*Required action*
An exact repetition of the data below, without images, is the expected answer.

*Given data*
━━━━━━

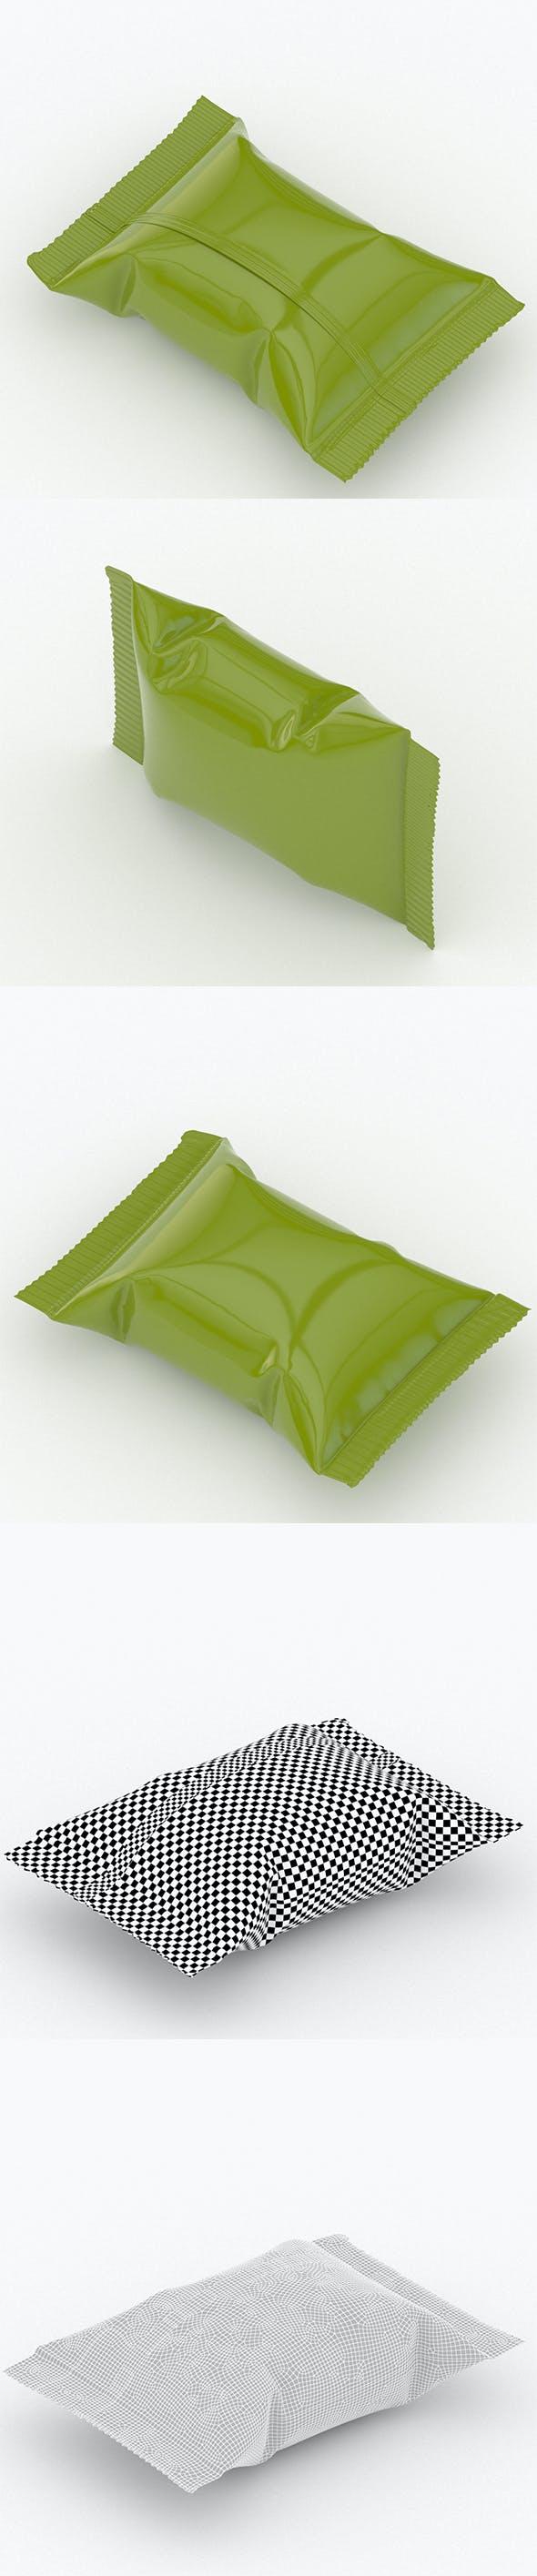 Candy wrapper v4 - 3DOcean Item for Sale
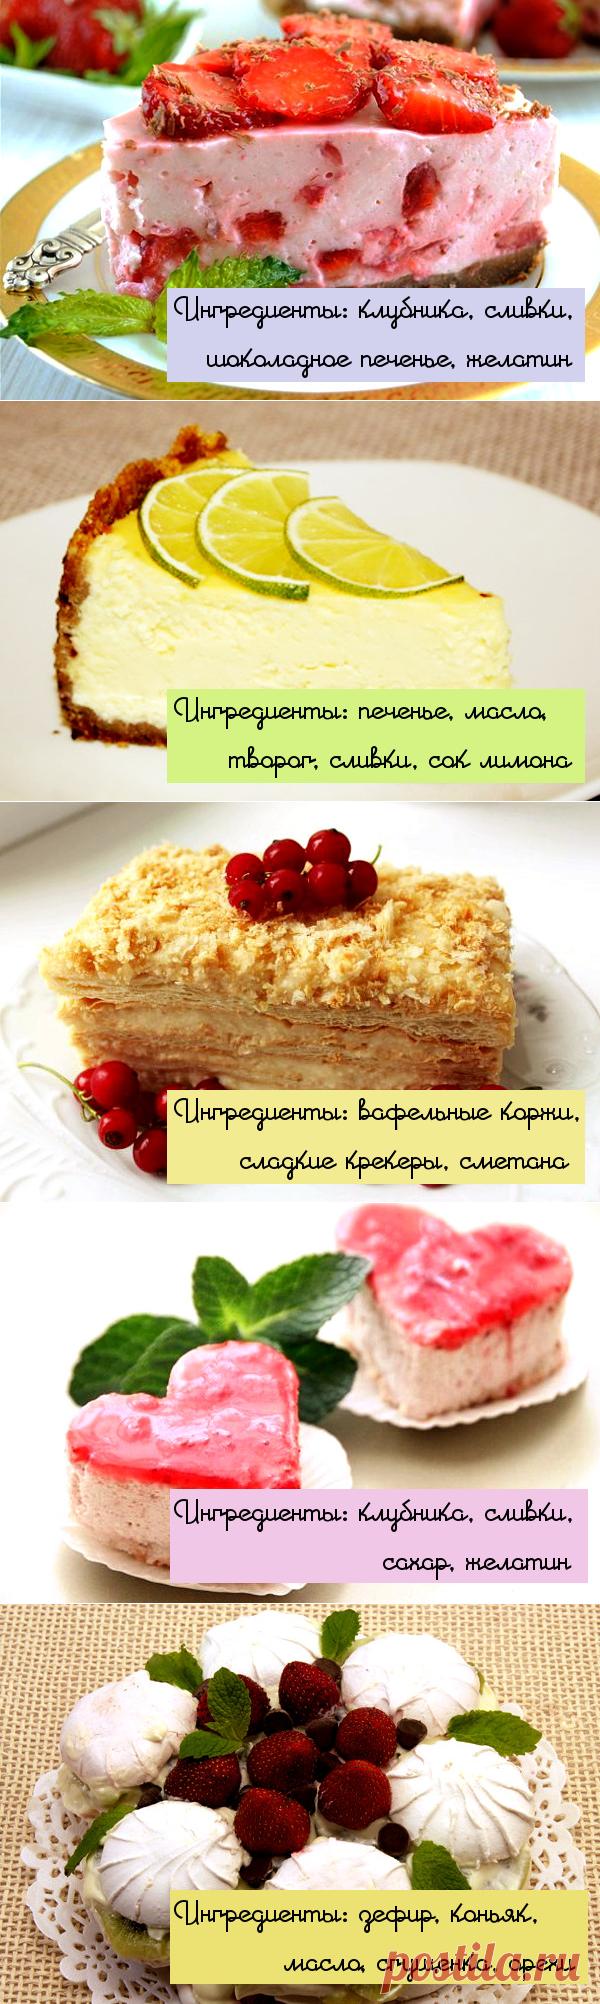 Пирожные и торты без духовки.
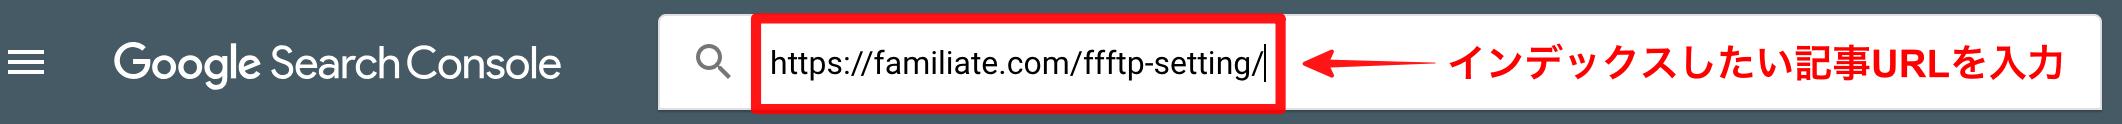 インデックスした記事URLを入力

━━━━━━

*Exercise solution*
 Candy wrapper v4 - 3DOcean Item for Sale
 Пирожные и торты без духовки.
 インデックスした記事URLを入力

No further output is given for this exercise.